**TASK PROMPT:** Extract every line below, verbatim.

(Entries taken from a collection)
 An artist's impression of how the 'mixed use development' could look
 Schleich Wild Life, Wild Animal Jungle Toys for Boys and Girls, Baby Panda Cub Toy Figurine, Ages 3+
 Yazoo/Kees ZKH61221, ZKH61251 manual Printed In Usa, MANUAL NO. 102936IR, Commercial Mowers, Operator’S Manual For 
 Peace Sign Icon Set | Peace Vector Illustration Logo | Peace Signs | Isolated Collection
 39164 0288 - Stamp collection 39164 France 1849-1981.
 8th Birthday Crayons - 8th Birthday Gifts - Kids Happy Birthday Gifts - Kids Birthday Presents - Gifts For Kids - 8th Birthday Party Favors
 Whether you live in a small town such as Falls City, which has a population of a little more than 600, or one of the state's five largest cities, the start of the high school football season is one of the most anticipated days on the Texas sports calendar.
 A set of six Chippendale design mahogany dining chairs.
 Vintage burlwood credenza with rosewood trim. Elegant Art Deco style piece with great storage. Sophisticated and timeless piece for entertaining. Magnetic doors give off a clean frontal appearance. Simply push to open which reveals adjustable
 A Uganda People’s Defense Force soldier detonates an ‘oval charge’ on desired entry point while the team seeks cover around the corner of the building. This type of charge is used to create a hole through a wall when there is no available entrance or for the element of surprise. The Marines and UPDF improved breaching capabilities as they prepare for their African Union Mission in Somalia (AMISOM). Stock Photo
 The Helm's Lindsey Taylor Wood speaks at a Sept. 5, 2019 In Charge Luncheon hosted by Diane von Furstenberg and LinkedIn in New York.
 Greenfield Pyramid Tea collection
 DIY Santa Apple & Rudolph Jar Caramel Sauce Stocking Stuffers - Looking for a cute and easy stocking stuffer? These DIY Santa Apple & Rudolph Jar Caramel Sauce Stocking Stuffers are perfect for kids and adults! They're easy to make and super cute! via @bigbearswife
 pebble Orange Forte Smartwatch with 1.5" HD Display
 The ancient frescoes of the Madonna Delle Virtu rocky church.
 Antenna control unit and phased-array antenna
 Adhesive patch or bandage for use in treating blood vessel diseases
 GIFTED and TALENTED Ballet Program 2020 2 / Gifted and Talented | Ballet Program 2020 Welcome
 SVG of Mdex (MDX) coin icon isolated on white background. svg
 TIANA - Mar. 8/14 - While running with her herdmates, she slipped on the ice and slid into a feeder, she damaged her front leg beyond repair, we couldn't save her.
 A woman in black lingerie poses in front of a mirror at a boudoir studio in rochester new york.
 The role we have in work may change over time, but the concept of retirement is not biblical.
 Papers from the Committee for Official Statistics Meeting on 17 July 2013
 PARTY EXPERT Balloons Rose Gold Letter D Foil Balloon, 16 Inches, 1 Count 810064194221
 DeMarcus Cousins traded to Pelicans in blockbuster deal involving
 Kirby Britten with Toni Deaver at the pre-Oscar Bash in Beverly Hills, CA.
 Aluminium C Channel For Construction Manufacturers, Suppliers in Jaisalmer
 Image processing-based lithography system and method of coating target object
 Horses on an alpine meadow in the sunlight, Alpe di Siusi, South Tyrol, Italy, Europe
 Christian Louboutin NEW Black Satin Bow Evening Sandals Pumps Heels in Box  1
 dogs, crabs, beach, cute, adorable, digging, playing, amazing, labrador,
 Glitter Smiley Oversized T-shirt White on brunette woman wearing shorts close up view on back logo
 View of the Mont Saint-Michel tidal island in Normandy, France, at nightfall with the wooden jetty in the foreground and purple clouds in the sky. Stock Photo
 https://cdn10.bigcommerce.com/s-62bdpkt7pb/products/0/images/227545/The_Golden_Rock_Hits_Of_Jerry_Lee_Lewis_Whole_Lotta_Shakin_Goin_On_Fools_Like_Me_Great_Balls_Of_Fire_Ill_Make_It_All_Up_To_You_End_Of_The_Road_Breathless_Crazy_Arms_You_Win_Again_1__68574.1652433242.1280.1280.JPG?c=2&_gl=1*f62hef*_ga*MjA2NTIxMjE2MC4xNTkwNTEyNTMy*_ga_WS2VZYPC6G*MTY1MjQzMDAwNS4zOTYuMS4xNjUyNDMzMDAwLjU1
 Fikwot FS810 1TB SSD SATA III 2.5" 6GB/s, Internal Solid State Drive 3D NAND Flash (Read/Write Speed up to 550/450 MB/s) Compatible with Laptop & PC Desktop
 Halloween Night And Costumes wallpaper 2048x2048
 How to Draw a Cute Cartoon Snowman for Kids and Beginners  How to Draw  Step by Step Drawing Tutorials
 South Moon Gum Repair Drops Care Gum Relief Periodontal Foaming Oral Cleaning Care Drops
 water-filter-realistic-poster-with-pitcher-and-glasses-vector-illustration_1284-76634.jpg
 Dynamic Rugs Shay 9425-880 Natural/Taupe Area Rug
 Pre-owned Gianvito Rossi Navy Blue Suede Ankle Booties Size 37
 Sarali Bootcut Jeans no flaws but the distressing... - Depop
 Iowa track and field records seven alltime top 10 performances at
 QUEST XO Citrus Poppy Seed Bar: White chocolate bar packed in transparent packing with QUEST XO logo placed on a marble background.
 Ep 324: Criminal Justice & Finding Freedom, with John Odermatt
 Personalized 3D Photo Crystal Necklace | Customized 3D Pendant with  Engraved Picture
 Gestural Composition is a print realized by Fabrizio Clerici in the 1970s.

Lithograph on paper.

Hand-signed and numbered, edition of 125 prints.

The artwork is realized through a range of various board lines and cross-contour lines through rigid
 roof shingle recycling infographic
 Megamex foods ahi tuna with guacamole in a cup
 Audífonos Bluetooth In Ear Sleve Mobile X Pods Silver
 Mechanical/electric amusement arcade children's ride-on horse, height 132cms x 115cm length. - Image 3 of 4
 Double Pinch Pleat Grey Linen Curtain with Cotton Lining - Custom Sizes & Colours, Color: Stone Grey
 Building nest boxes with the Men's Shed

**RESULT FOR THIS TASK:**
 An artist's impression of how the 'mixed use development' could look
 Schleich Wild Life, Wild Animal Jungle Toys for Boys and Girls, Baby Panda Cub Toy Figurine, Ages 3+
 Yazoo/Kees ZKH61221, ZKH61251 manual Printed In Usa, MANUAL NO. 102936IR, Commercial Mowers, Operator’S Manual For 
 Peace Sign Icon Set | Peace Vector Illustration Logo | Peace Signs | Isolated Collection
 39164 0288 - Stamp collection 39164 France 1849-1981.
 8th Birthday Crayons - 8th Birthday Gifts - Kids Happy Birthday Gifts - Kids Birthday Presents - Gifts For Kids - 8th Birthday Party Favors
 Whether you live in a small town such as Falls City, which has a population of a little more than 600, or one of the state's five largest cities, the start of the high school football season is one of the most anticipated days on the Texas sports calendar.
 A set of six Chippendale design mahogany dining chairs.
 Vintage burlwood credenza with rosewood trim. Elegant Art Deco style piece with great storage. Sophisticated and timeless piece for entertaining. Magnetic doors give off a clean frontal appearance. Simply push to open which reveals adjustable
 A Uganda People’s Defense Force soldier detonates an ‘oval charge’ on desired entry point while the team seeks cover around the corner of the building. This type of charge is used to create a hole through a wall when there is no available entrance or for the element of surprise. The Marines and UPDF improved breaching capabilities as they prepare for their African Union Mission in Somalia (AMISOM). Stock Photo
 The Helm's Lindsey Taylor Wood speaks at a Sept. 5, 2019 In Charge Luncheon hosted by Diane von Furstenberg and LinkedIn in New York.
 Greenfield Pyramid Tea collection
 DIY Santa Apple & Rudolph Jar Caramel Sauce Stocking Stuffers - Looking for a cute and easy stocking stuffer? These DIY Santa Apple & Rudolph Jar Caramel Sauce Stocking Stuffers are perfect for kids and adults! They're easy to make and super cute! via @bigbearswife
 pebble Orange Forte Smartwatch with 1.5" HD Display
 The ancient frescoes of the Madonna Delle Virtu rocky church.
 Antenna control unit and phased-array antenna
 Adhesive patch or bandage for use in treating blood vessel diseases
 GIFTED and TALENTED Ballet Program 2020 2 / Gifted and Talented | Ballet Program 2020 Welcome
 SVG of Mdex (MDX) coin icon isolated on white background. svg
 TIANA - Mar. 8/14 - While running with her herdmates, she slipped on the ice and slid into a feeder, she damaged her front leg beyond repair, we couldn't save her.
 A woman in black lingerie poses in front of a mirror at a boudoir studio in rochester new york.
 The role we have in work may change over time, but the concept of retirement is not biblical.
 Papers from the Committee for Official Statistics Meeting on 17 July 2013
 PARTY EXPERT Balloons Rose Gold Letter D Foil Balloon, 16 Inches, 1 Count 810064194221
 DeMarcus Cousins traded to Pelicans in blockbuster deal involving
 Kirby Britten with Toni Deaver at the pre-Oscar Bash in Beverly Hills, CA.
 Aluminium C Channel For Construction Manufacturers, Suppliers in Jaisalmer
 Image processing-based lithography system and method of coating target object
 Horses on an alpine meadow in the sunlight, Alpe di Siusi, South Tyrol, Italy, Europe
 Christian Louboutin NEW Black Satin Bow Evening Sandals Pumps Heels in Box  1
 dogs, crabs, beach, cute, adorable, digging, playing, amazing, labrador,
 Glitter Smiley Oversized T-shirt White on brunette woman wearing shorts close up view on back logo
 View of the Mont Saint-Michel tidal island in Normandy, France, at nightfall with the wooden jetty in the foreground and purple clouds in the sky. Stock Photo
 https://cdn10.bigcommerce.com/s-62bdpkt7pb/products/0/images/227545/The_Golden_Rock_Hits_Of_Jerry_Lee_Lewis_Whole_Lotta_Shakin_Goin_On_Fools_Like_Me_Great_Balls_Of_Fire_Ill_Make_It_All_Up_To_You_End_Of_The_Road_Breathless_Crazy_Arms_You_Win_Again_1__68574.1652433242.1280.1280.JPG?c=2&_gl=1*f62hef*_ga*MjA2NTIxMjE2MC4xNTkwNTEyNTMy*_ga_WS2VZYPC6G*MTY1MjQzMDAwNS4zOTYuMS4xNjUyNDMzMDAwLjU1
 Fikwot FS810 1TB SSD SATA III 2.5" 6GB/s, Internal Solid State Drive 3D NAND Flash (Read/Write Speed up to 550/450 MB/s) Compatible with Laptop & PC Desktop
 Halloween Night And Costumes wallpaper 2048x2048
 How to Draw a Cute Cartoon Snowman for Kids and Beginners  How to Draw  Step by Step Drawing Tutorials
 South Moon Gum Repair Drops Care Gum Relief Periodontal Foaming Oral Cleaning Care Drops
 water-filter-realistic-poster-with-pitcher-and-glasses-vector-illustration_1284-76634.jpg
 Dynamic Rugs Shay 9425-880 Natural/Taupe Area Rug
 Pre-owned Gianvito Rossi Navy Blue Suede Ankle Booties Size 37
 Sarali Bootcut Jeans no flaws but the distressing... - Depop
 Iowa track and field records seven alltime top 10 performances at
 QUEST XO Citrus Poppy Seed Bar: White chocolate bar packed in transparent packing with QUEST XO logo placed on a marble background.
 Ep 324: Criminal Justice & Finding Freedom, with John Odermatt
 Personalized 3D Photo Crystal Necklace | Customized 3D Pendant with  Engraved Picture
 Gestural Composition is a print realized by Fabrizio Clerici in the 1970s.

Lithograph on paper.

Hand-signed and numbered, edition of 125 prints.

The artwork is realized through a range of various board lines and cross-contour lines through rigid
 roof shingle recycling infographic
 Megamex foods ahi tuna with guacamole in a cup
 Audífonos Bluetooth In Ear Sleve Mobile X Pods Silver
 Mechanical/electric amusement arcade children's ride-on horse, height 132cms x 115cm length. - Image 3 of 4
 Double Pinch Pleat Grey Linen Curtain with Cotton Lining - Custom Sizes & Colours, Color: Stone Grey
 Building nest boxes with the Men's Shed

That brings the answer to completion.